Six days before Christmas, the US Department of Justice loudly announced a win in the ongoing fight against the scourge of ransomware: An FBI-led, international operation had targeted the notorious hacking group known as BlackCat or AlphV, releasing decryption keys to foil its ransom attempts against hundreds of victims and seizing the dark web sites it had used to threaten and extort them. “In disrupting the BlackCat ransomware group, the Justice Department has once again hacked the hackers,” deputy attorney general Lisa Monaco declared in a statement.

Two months and one week later, however, those hackers don’t appear particularly “disrupted.” For the last seven days and counting, BlackCat has held hostage the medical firm Change Healthcare, crippling its software in hospitals and pharmacies across the United States, leading to delays in drug prescriptions for an untold number of patients.

The ongoing outage at Change Healthcare, first reported to be a BlackCat attack by Reuters, represents a particularly grim incident in the ransomware epidemic not just due to its severity, its length, and the potential toll on victims’ health. Ransomware-tracking analysts say it also illustrates how even law enforcement’s wins against ransomware groups appear to be increasingly short-lived, as the hackers that law enforcement target in carefully coordinated busts simply rebuild and restart their attacks with impunity.

“Because we can’t arrest the core operators that are in Russia or in areas that are uncooperative with law enforcement, we can’t stop them,” says Allan Liska, a ransomware-focused researcher for cybersecurity firm Recorded Future. Instead, Liska says, law enforcement often has had to settle for spending months or years arranging takedowns that target infrastructure or aid victims, but without laying hands on the attacks’ perpetrators. “The threat actors just need to regroup, get drunk for a weekend, and then start right back up,” Liska says.

In another, more recent bust, the UK’s National Crime Agency last week led a broad takedown effort against the notorious Lockbit ransomware group, hijacking its infrastructure, seizing many of its cryptocurrency wallets, taking down its dark web sites, and even obtaining information about its operators and partners. Yet less than a week later, Lockbit has already launched a fresh dark web site where it continues to extort its victims, showing countdown timers for each one that indicate the remaining days or hours before it dumps their stolen data online.

None of that means law enforcement’s BlackCat or Lockbit operations haven’t had some effect. BlackCat listed 28 victims on its dark web site for February so far, a significant drop from the 60-plus Recorded Future counted on its site in December prior to the FBI’s takedown. (Change Healthcare isn’t currently listed among BlackCat’s current victims on its site, though the hackers reportedly took credit for the attack, according to ransomware-tracking site Change Healthcare also didn’t respond to WIRED’s request for comment on the cyberattack.)

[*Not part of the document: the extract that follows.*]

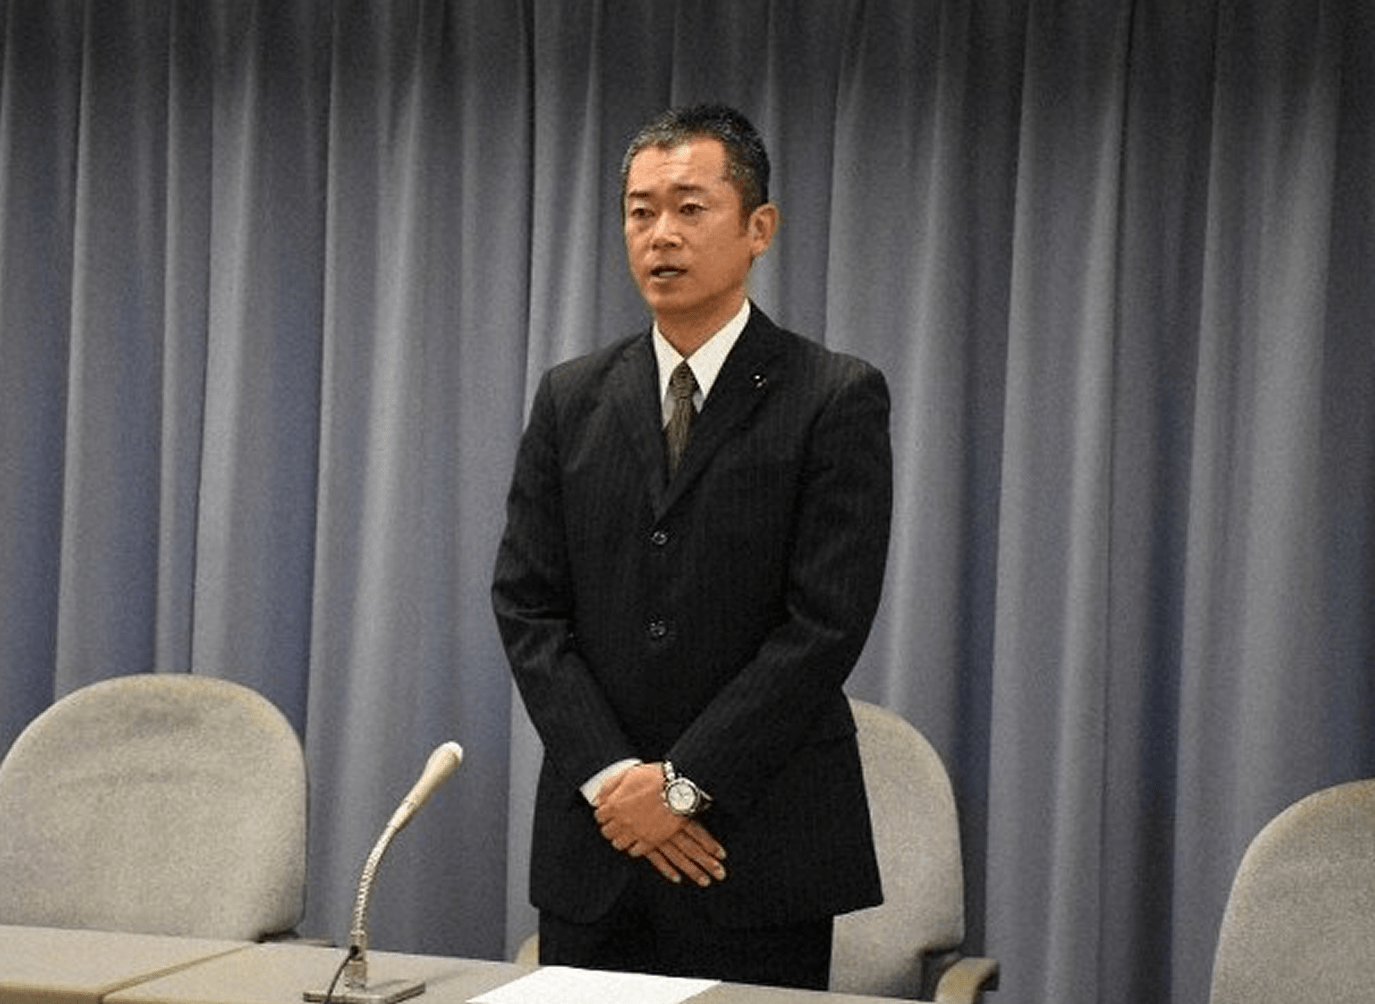 Político pede desculpas após faturar 8,9 milhões de ienes com venda em máscaras on-line

Lockbit, for its part, may be hiding the extent of its disruption behind the bluster of its new leak site, argues Brett Callow, a ransomware analyst at security firm Emsisoft. He says that the group is likely downplaying last week’s bust in part to avoid losing the trust of its affiliate partners, the hackers who penetrate victim networks on Lockbit’s behalf and might be spooked by the possibility that Lockbit has been compromised by law enforcement.